Data provided:
_____

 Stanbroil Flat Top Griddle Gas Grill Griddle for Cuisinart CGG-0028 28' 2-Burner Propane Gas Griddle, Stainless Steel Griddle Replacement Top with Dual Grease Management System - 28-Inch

_____

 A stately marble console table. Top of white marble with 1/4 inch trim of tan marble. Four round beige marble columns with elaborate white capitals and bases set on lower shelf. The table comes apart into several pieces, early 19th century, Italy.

_____

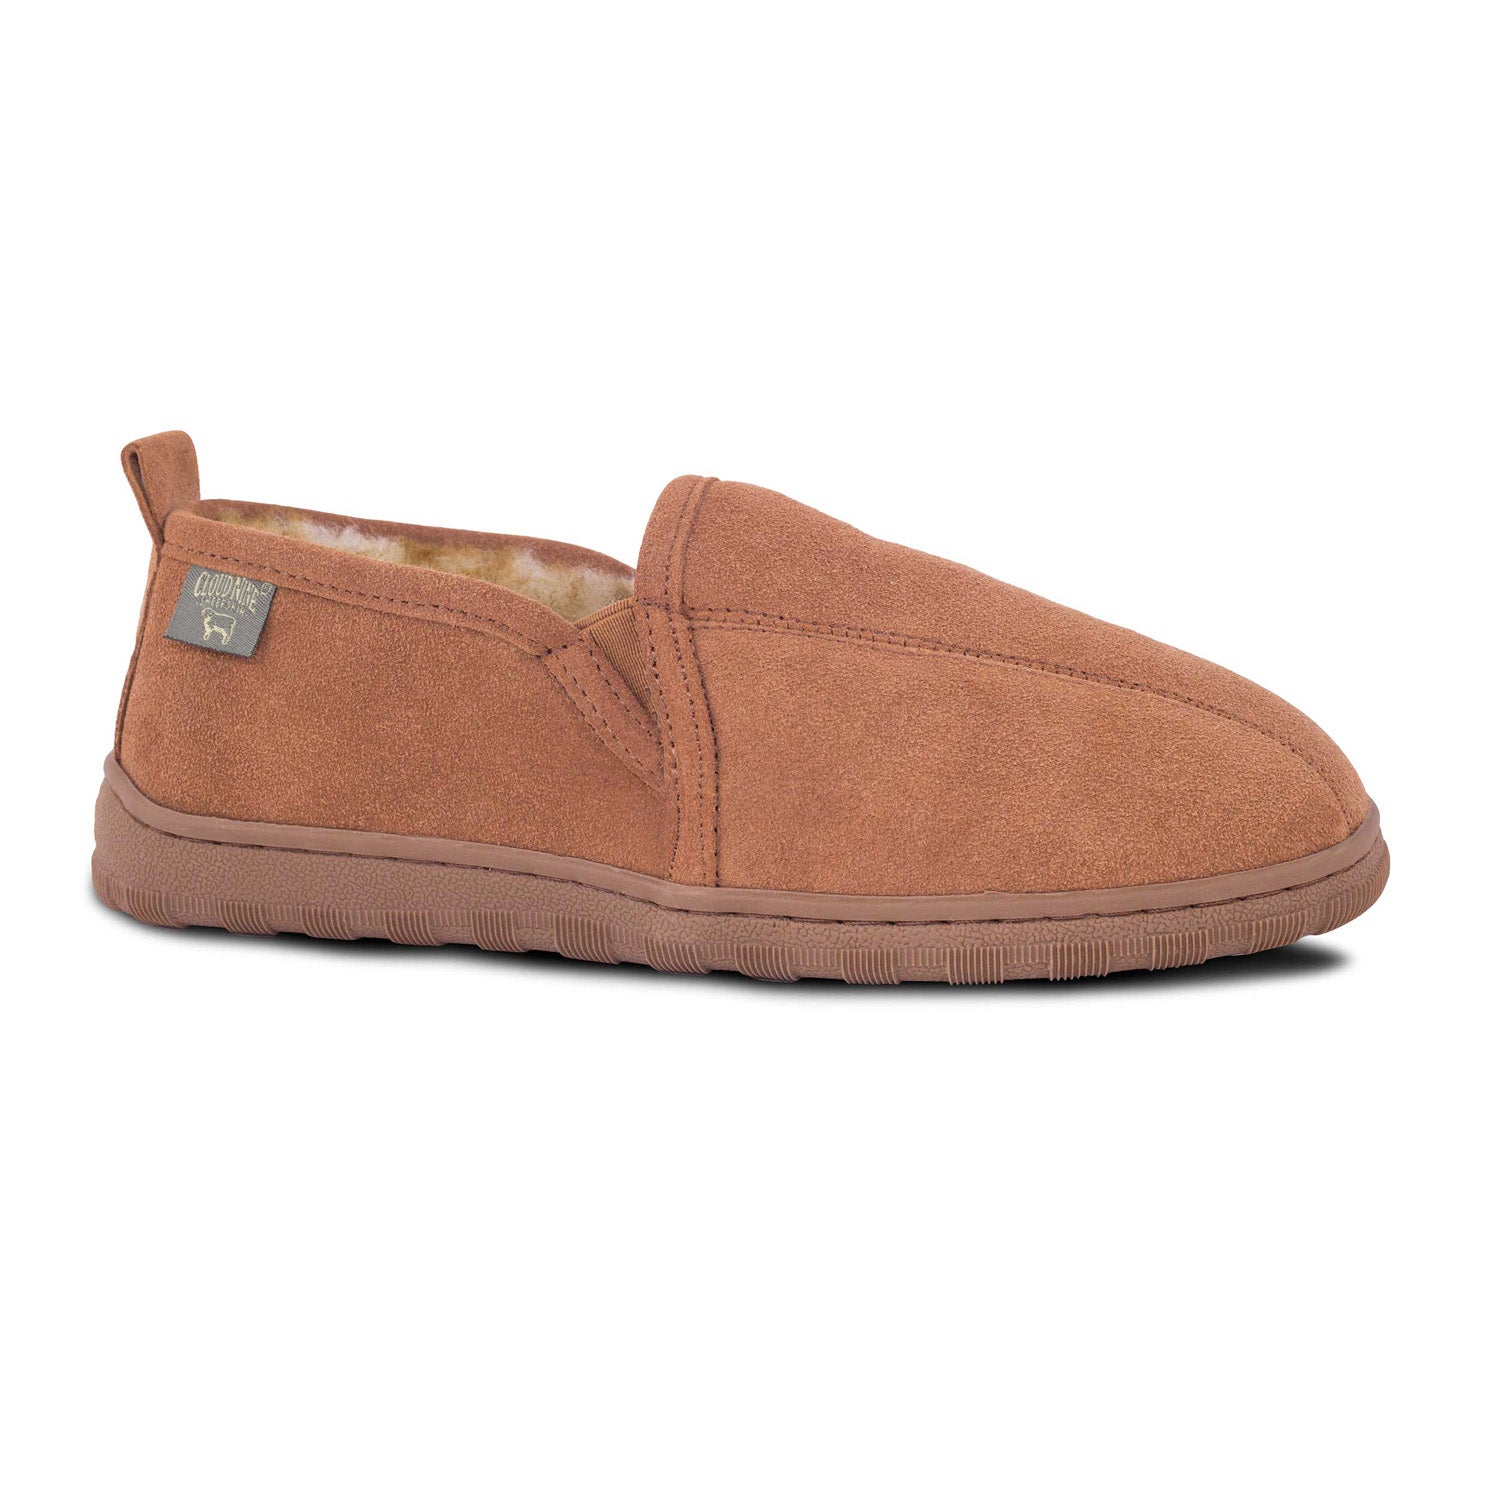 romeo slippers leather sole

_____

What lines above contain the word "with"? Return each such line.

Solution below:
 Stanbroil Flat Top Griddle Gas Grill Griddle for Cuisinart CGG-0028 28' 2-Burner Propane Gas Griddle, Stainless Steel Griddle Replacement Top with Dual Grease Management System - 28-Inch
 A stately marble console table. Top of white marble with 1/4 inch trim of tan marble. Four round beige marble columns with elaborate white capitals and bases set on lower shelf. The table comes apart into several pieces, early 19th century, Italy.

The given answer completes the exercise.